Efficient and reliable malolactic fermentation to achieve specification wine style

Abstract

Malolactic fermentation (MLF) is a fundamental aspect of winemaking that can be difficult and lengthy. This project characterised the diversity of bacterial fitness that remained undiscovered in the rich resource of the AWRI wine microorganism culture collection (AWMCC). Strains were identified that lend themselves well to challenging environmental conditions. Nutrient additions and other treatment regimens were explored that might facilitate robust and reliable malolactic fermentations. Finally, the characterisation of genetic factors responsible for bacterial fitness and wine quality attributes through gene expression analysis was attempted. Candidate genes that contribute to diacetyl production were identified.

Summary

The conversion of malic acid to lactic acid by lactic acid bacteria (known as malolactic fermentation or MLF) is a fundamental aspect of winemaking. MLF is important because it helps provide microbial stability to the finished product through the removal of a potential carbon source for spoilage organisms (malic acid), it reduces acidity and can impart various sensory characteristics, some subtle, others less so.

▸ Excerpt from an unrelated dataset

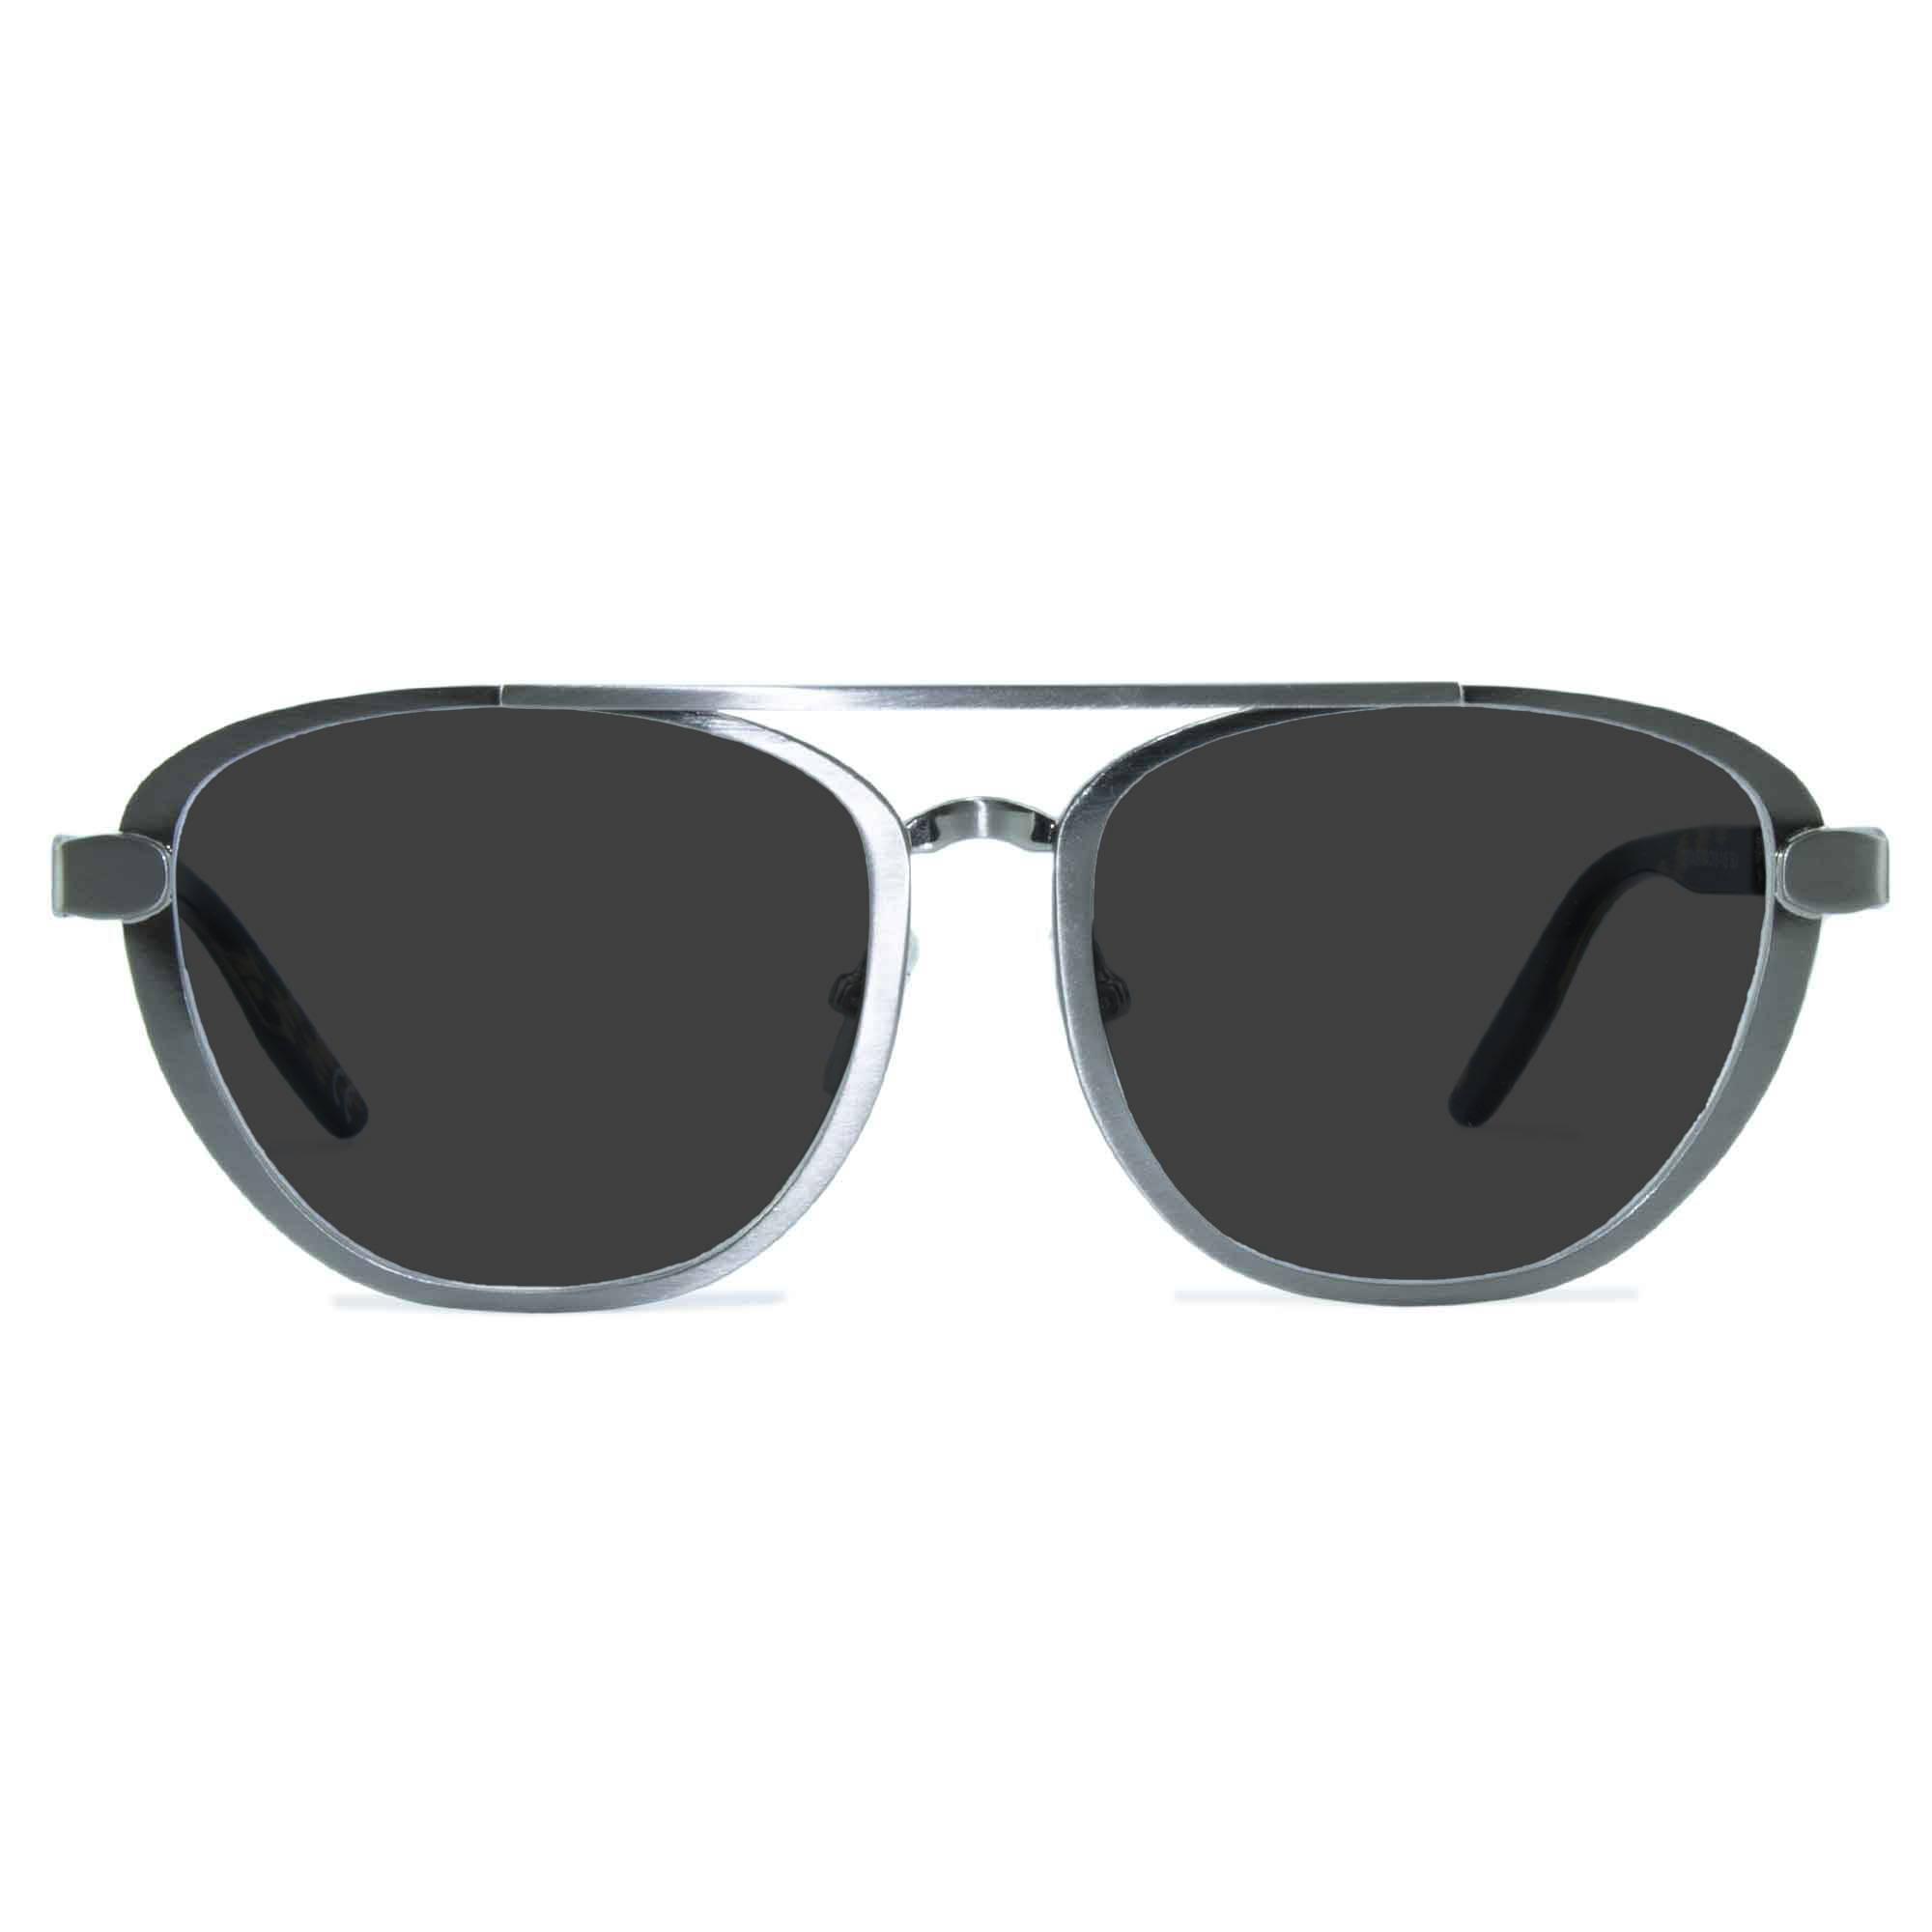 Joiuss dennis silver aviator sunglasses

This project’s primary aim was to improve the reliability of MLF. This goal was approached from multiple angles. The first was to better understand and characterise the bacterial resources available to winemakers. By defining the limits of what was possible using available resources, areas for development were identified. Specifically, the conduct of MLF in low pH or higher ethanol wines was identified as a high priority for achieving tangible improvements in winemaking, given the limited fundamental knowledge and practical resources available to draw upon.

A program of genetic and physiological screening was undertaken to identify strains of O. oeni that could perform better in such conditions, particularly low pH. Pilot and industry trials with a range of bacterial isolates led to information about winemakers’ MLF requirements and enabled the identification of specific bacterial isolates that can conduct efficient MLF at industrial scale.

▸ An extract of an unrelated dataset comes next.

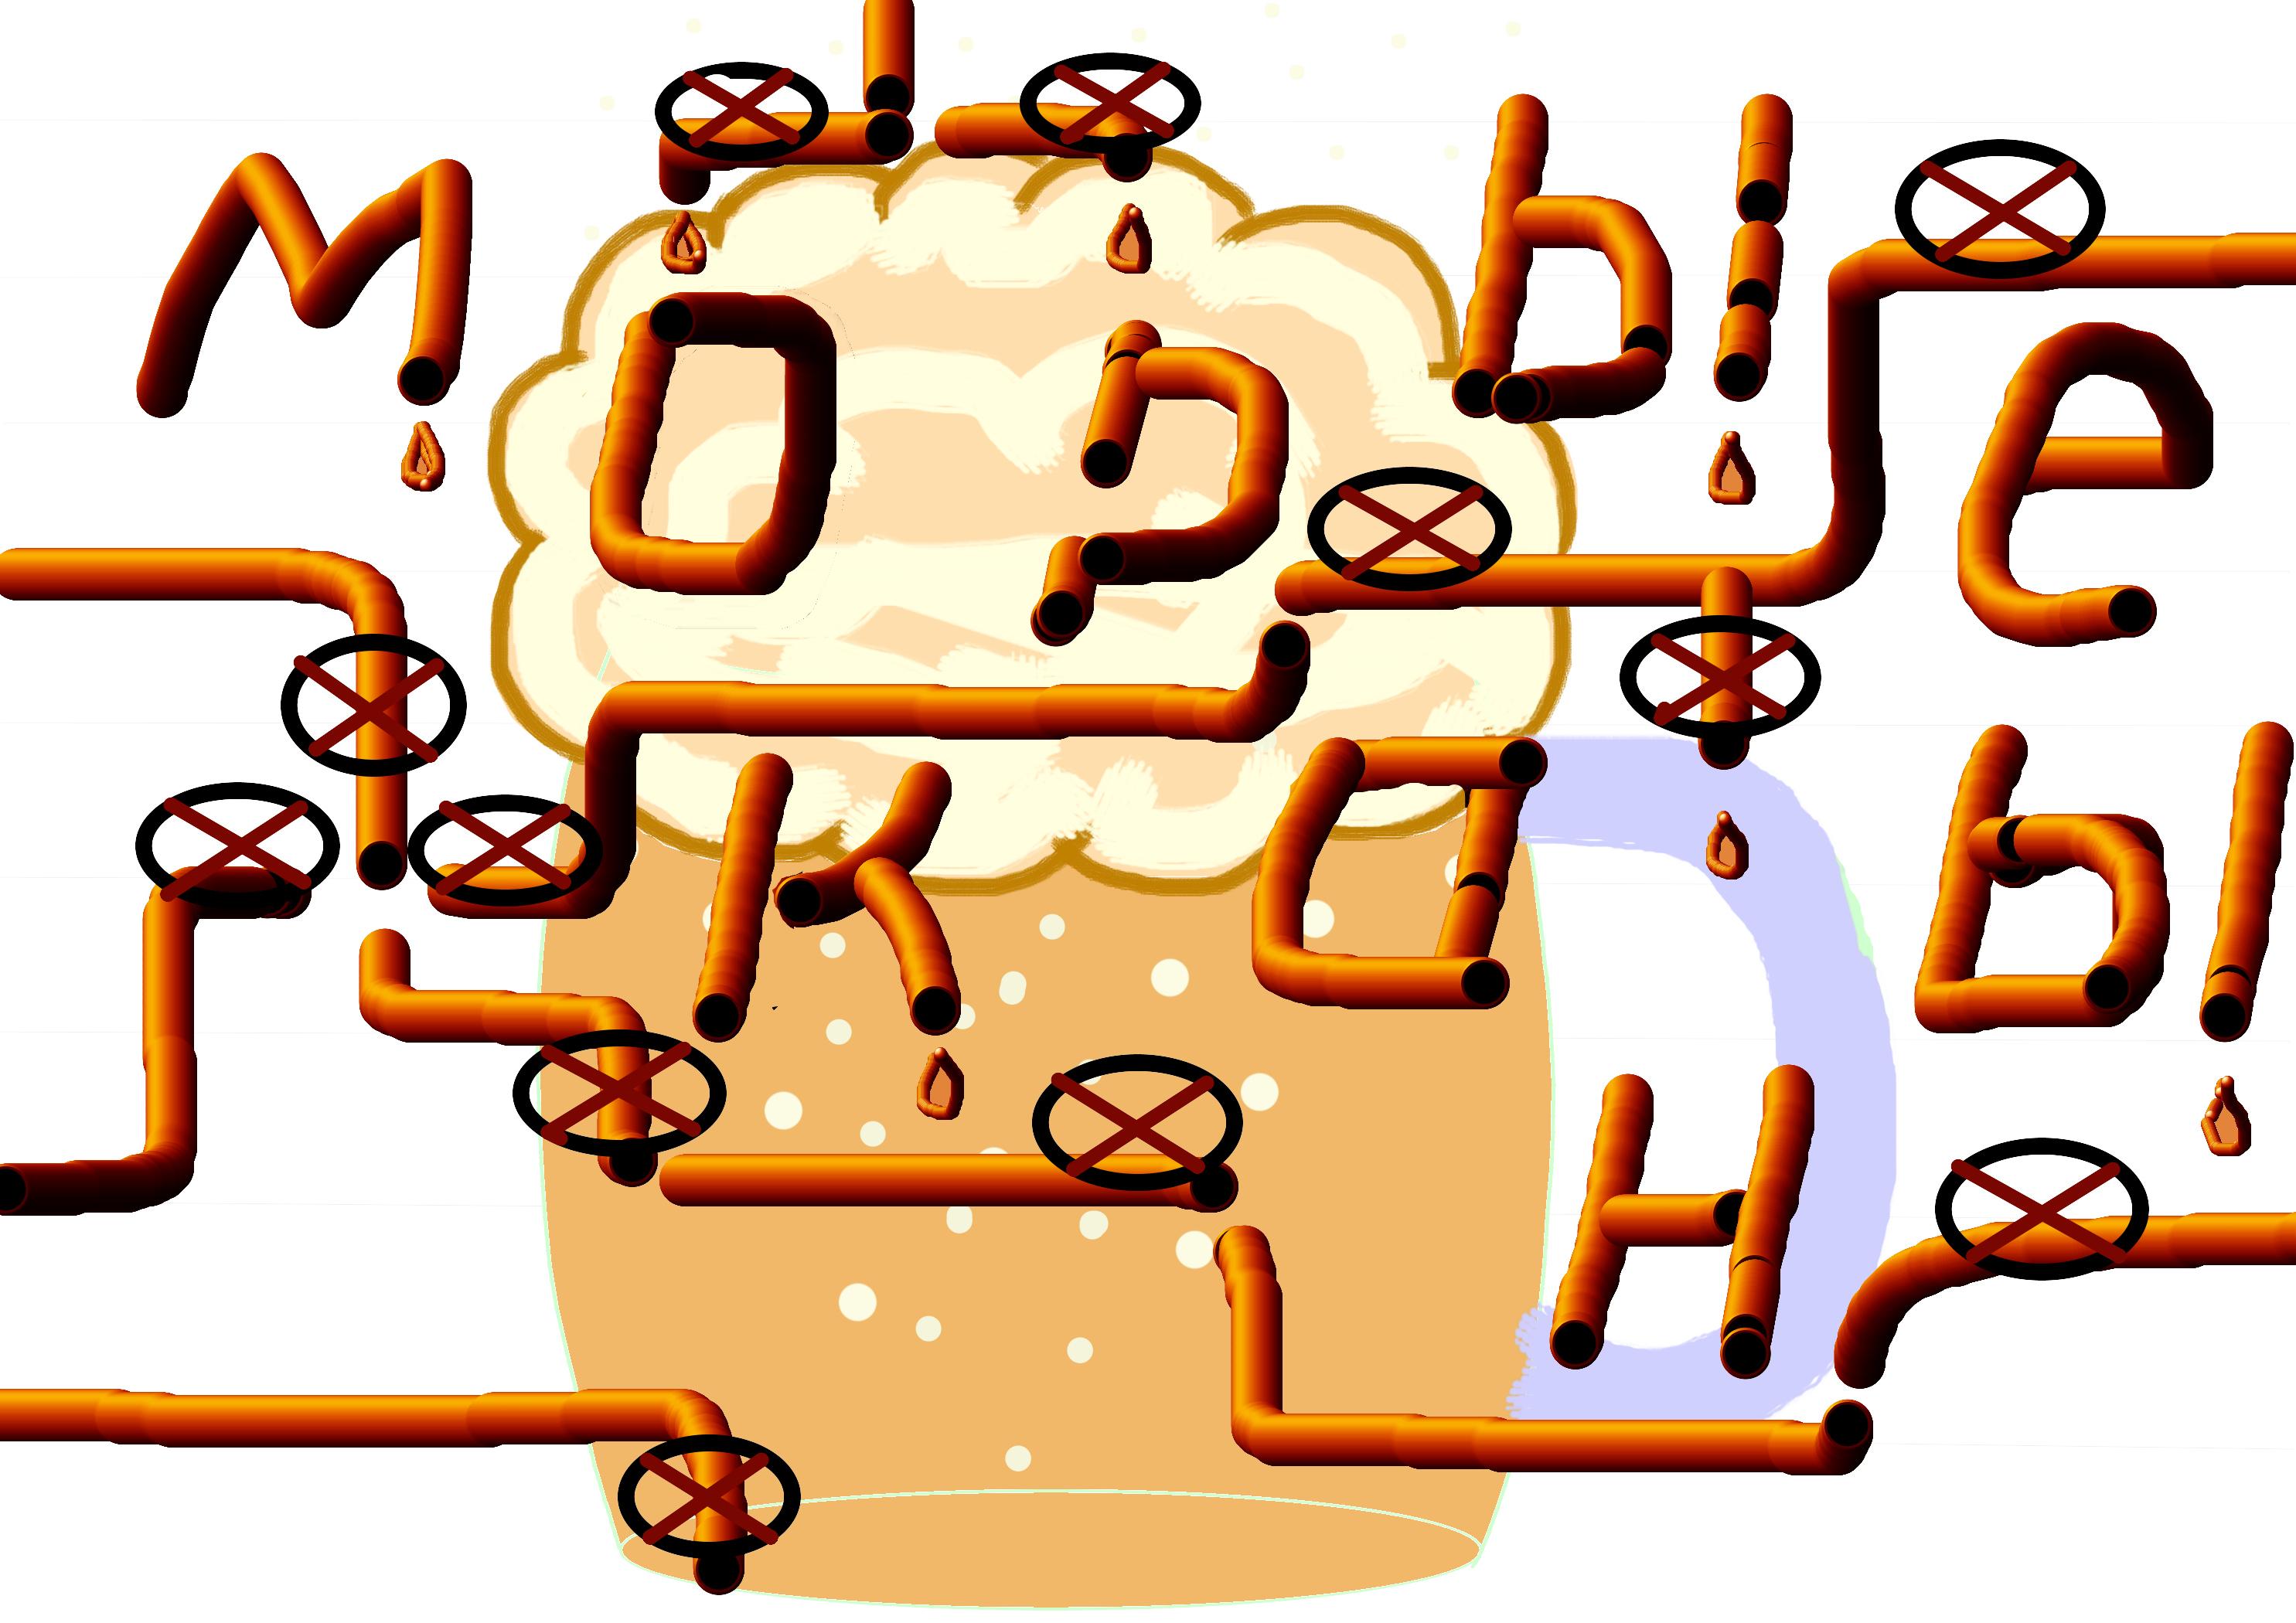 Вывеска/логотип для пивного магазина фото f_5816026ac8bc38e7.jpg

The second approach to improvement of MLF reliability was through an investigation of process options that had the potential to substantially reduce the overall time taken to get a wine to a point where is can be stabilised and protected through SO2 addition and barrel topping. While MLF is traditionally conducted following completion of alcoholic fermentation, it is also possible for MLF to be conducted concurrently. This is an option increasingly being used by winemakers, but its successful deployment requires a complete understanding of when and where it is most effective such that risks can be managed. Work conducted in this project identified substantial time savings that can be achieved in the production of red wine. Co-inoculation was a reliable and efficient strategy regardless of bacterial strain used. However, the same cannot be said for white and sparkling wine production and some work is still required to better understand how to get co-inoculation to work effectively in these environments.

Other process-driven interventions were also explored, specifically, the use of nutrient additives to support MLF and the impact of oxygen. Nutrient addition has the potential to be stimulatory in nutrient-limiting conditions. Several industry trials over two vintages failed to identify any improvement resulting from nutrient addition. Oxygen or air addition to ferments can be used to stimulate alcoholic fermentation but has the potential to have a negative impact on MLF. Experiments conducted to determine if aeration of alcoholic fermentation could affect subsequent MLF found no inhibitory or stimulatory effects. Work on the potential impact of oxygen use on co-inoculated ferments is ongoing. This area is especially important to winemakers wanting to use oxygen additions in their ferments without adversely affecting MLF, especially when MLF is performed after completion of primary fermentation.

The third approach was to identify genetic markers that might help in more efficiently identifying robust bacterial strains from microbial surveys carried out by others. Both 

gene expression studies and genome wide association approaches were used. Candidate genes that could be used as markers for diacetyl production and others that indicated potential variation in strain-specific sugar utilisation in genomically highly related strains were identified. Furthermore, variations in metabolic pathways were found that indicated varied capacity of bacterial strains to utilise citric acid.

The key benefit to industry of this work is the provision of evidence-based advice on how to conduct and manage malolactic fermentation under challenging conditions. In this project, different approaches to the conduct of MLF have been investigated, some substantially outside of standard industry practice, with the aim of pushing the boundaries of what is achievable in MLF. Such risks can be undertaken in a research environment so that commercial risks taken by Australian winemakers can be objectively minimised. This approach contributes to the maintenance of a sustainable and profitable Australian wine industry.

The project benefitted substantially from the involvement of several industry partners including Yalumba, Treasury Wine Estates through their Wolf Blass winery, Hardy’s Wines through their Tintara winery and Pernod Ricard through their Orlando winery at Rowland Flat.